The social media giants, which include Facebook and Instagram, sell bonds in up to four parts, according to people familiar with the matter.

Meta may sell between $8 billion and $10 billion of debt, depending on demand, and the proceeds will be used for general corporate purposes such as capital expenditures, stock buybacks, acquisitions and investments.

According to last week’s earnings call, the company used cash to repurchase its shares, including $5.1 billion in the second quarter of this year, and was able to buy back $24.3 billion as of June 30.

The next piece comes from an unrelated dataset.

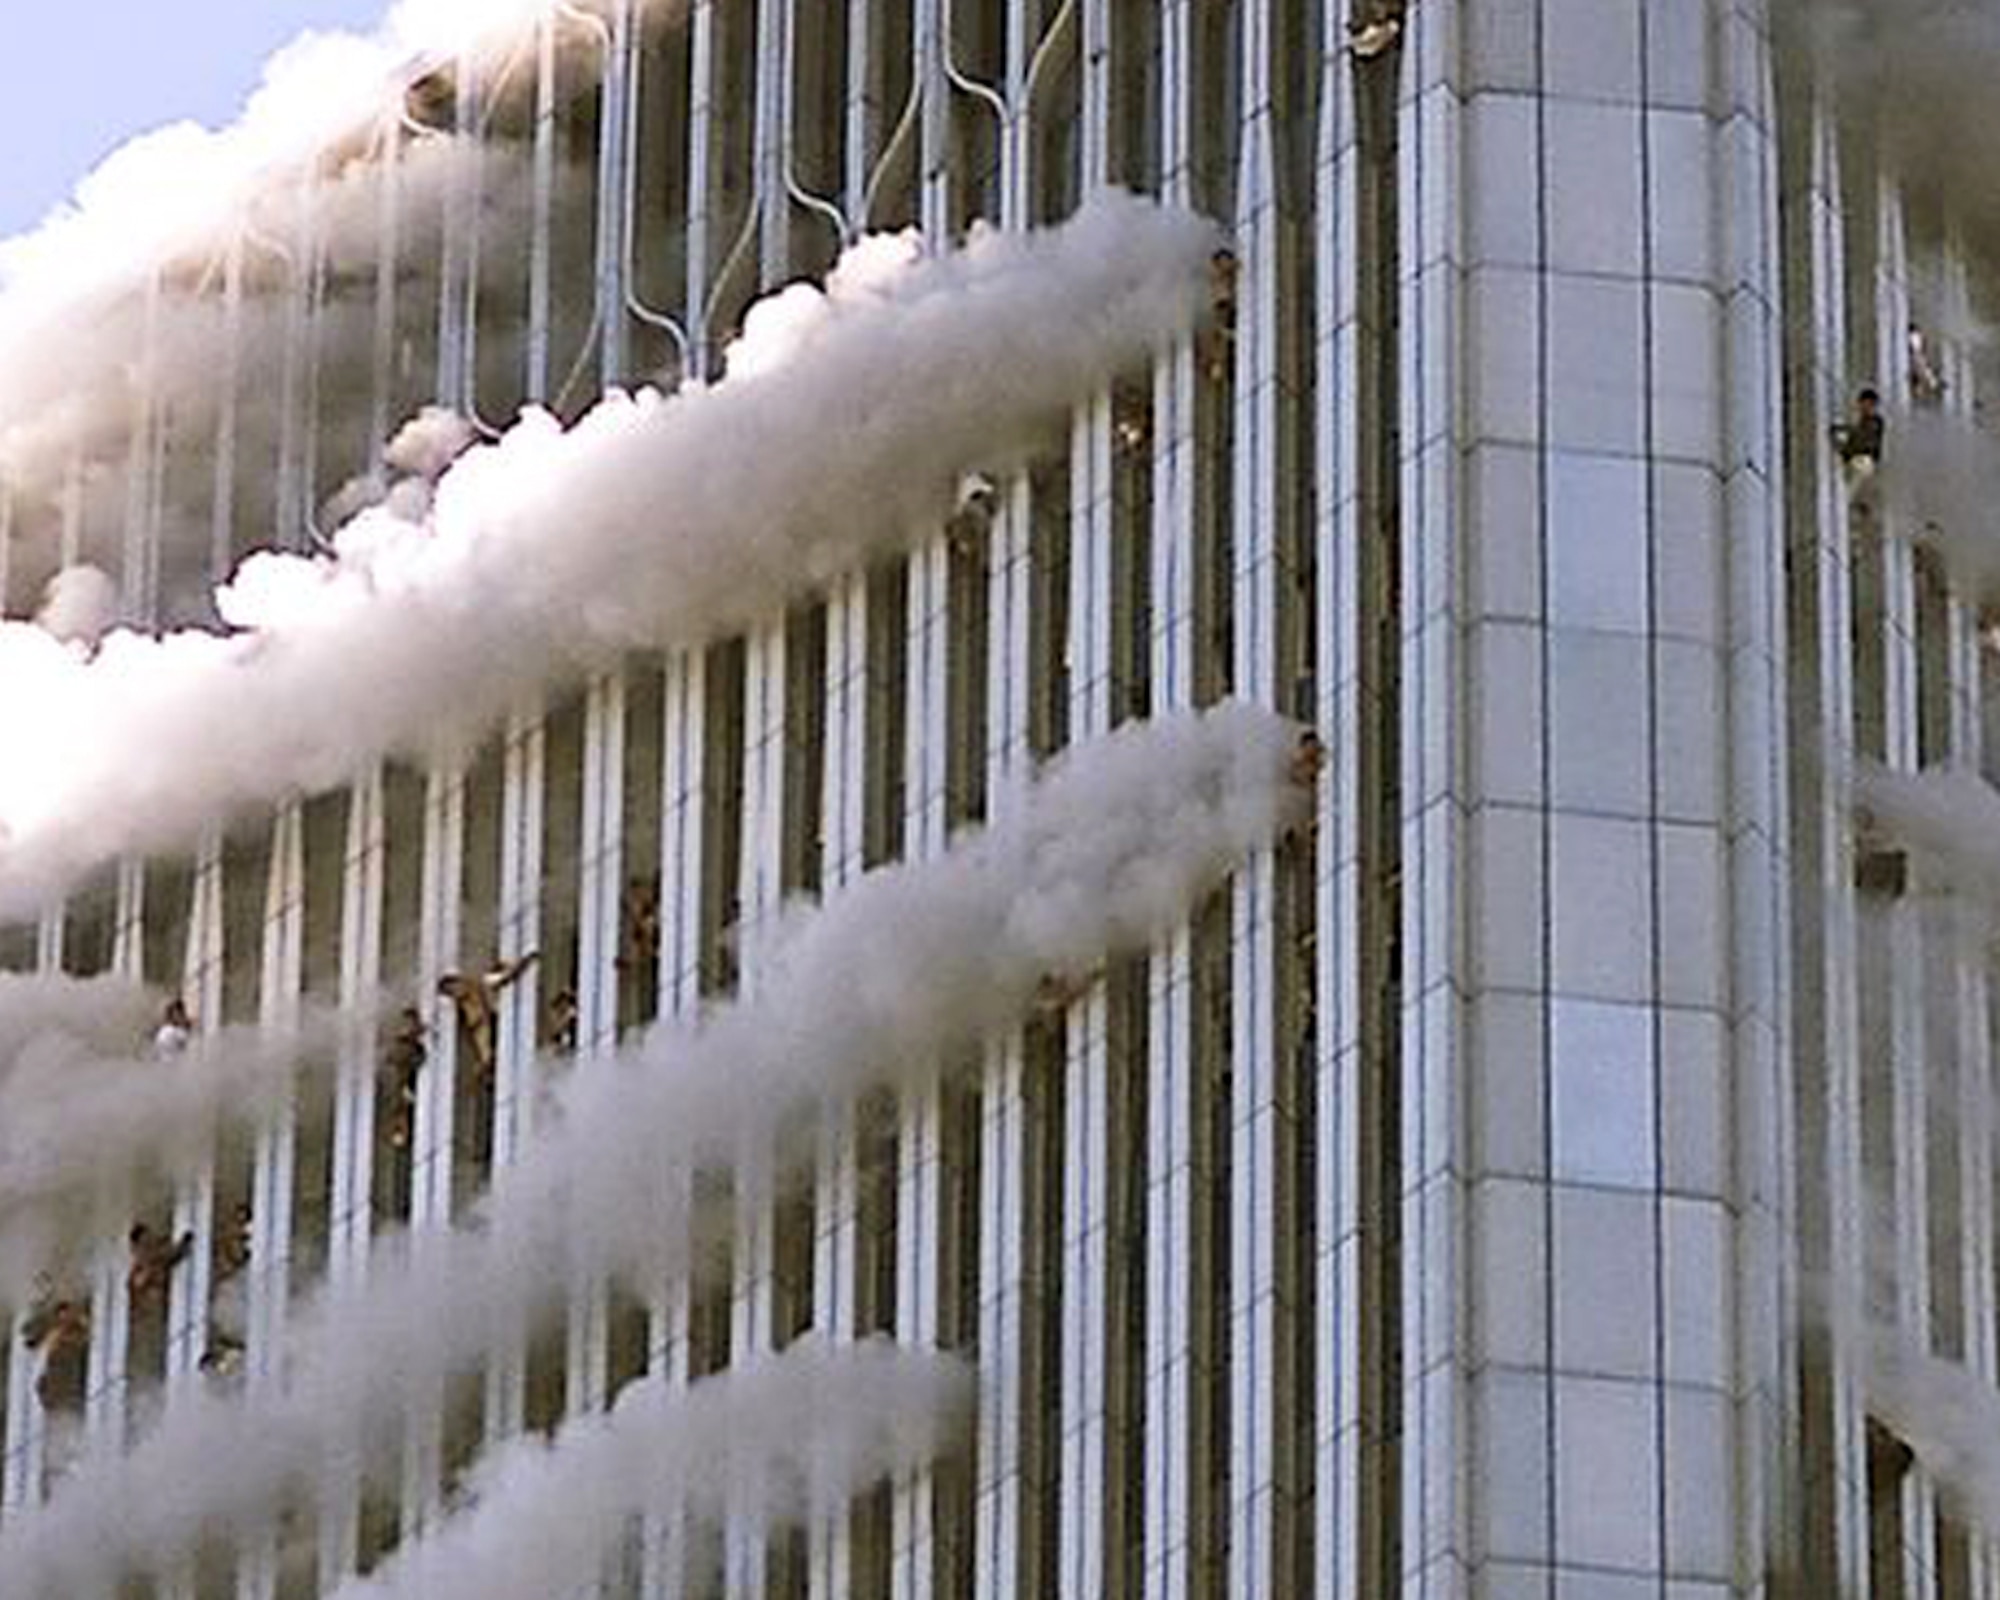 Driven out of the building by fires and scorching temperatures, people near the top of the World Trade Center’s North Tower hang from windows as high as 1,300-feet above the streets of New York City, Sept. 11, 2001. Hijackers crashed American Airlines Flight 11 into floors 93 through 99 of the North Tower. (Getty Images photo by Jose Jimenez/Released)
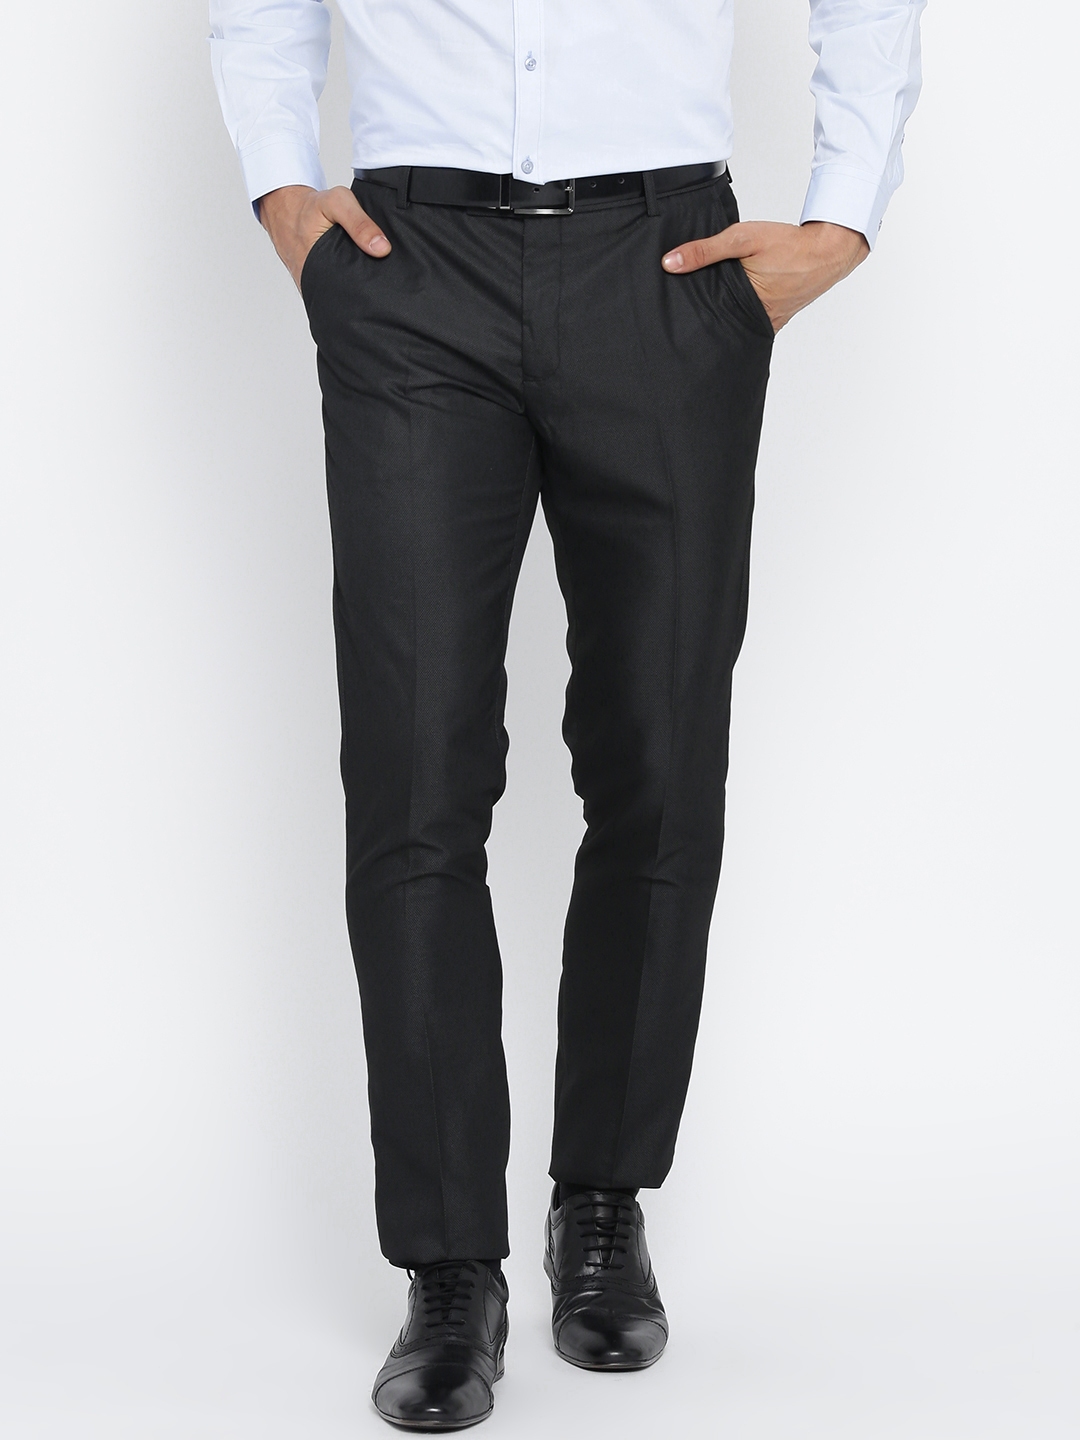 Buy Black Coffee Charcoal Grey Sharp Fit Formal Trousers - Trousers for ...

Unlike many of the big tech companies that have a lot of cash and have borrowed heavily at low interest rates, Meta has historically stayed away from the bond market. It’s one of 18 companies in the S&P 500 with no short-term or long-term outstanding debt, other than lease obligations, as of its most recent quarter, according to data compiled by Bloomberg.

The deal comes after other tech companies such as Apple and Intel have surged in the credit market over the past month to sell bonds. Companies are taking advantage of more attractive prices and windows of stability that may not be sustainable to issue bonds.

S&P Global Ratings gave Meta an AA-investment grade rating on Wednesday, while Moody’s Investors Service downgraded the tech giant a notch to A1.

Moody’s said in a report, “The A1 Issuer Rating is based on Meta’s strong credit profile, which reflects the platform brand’s leading global position in social networking and its extensive user base. supported,” Moody’s said in a report.

Meta’s stance on debt may have changed depending on business conditions. The company announced quarterly revenue declines year-over-year for the first time, citing uncertainty in the digital advertising market that has driven growth for years.

The company is concerned that young people are abandoning the ByteDance TikTok platform. And then there’s the big, expensive ambition to build an entirely new version of the internet in the Metaverse, the immersive virtual reality world envisioned by CEO Mark Zuckerberg.

With Morgan Stanley, JPMorgan Chase, Bank of America and Barclays managing bond sales, Meta and the banks made a series of phone calls to bond investors to pitch the sale, the people said.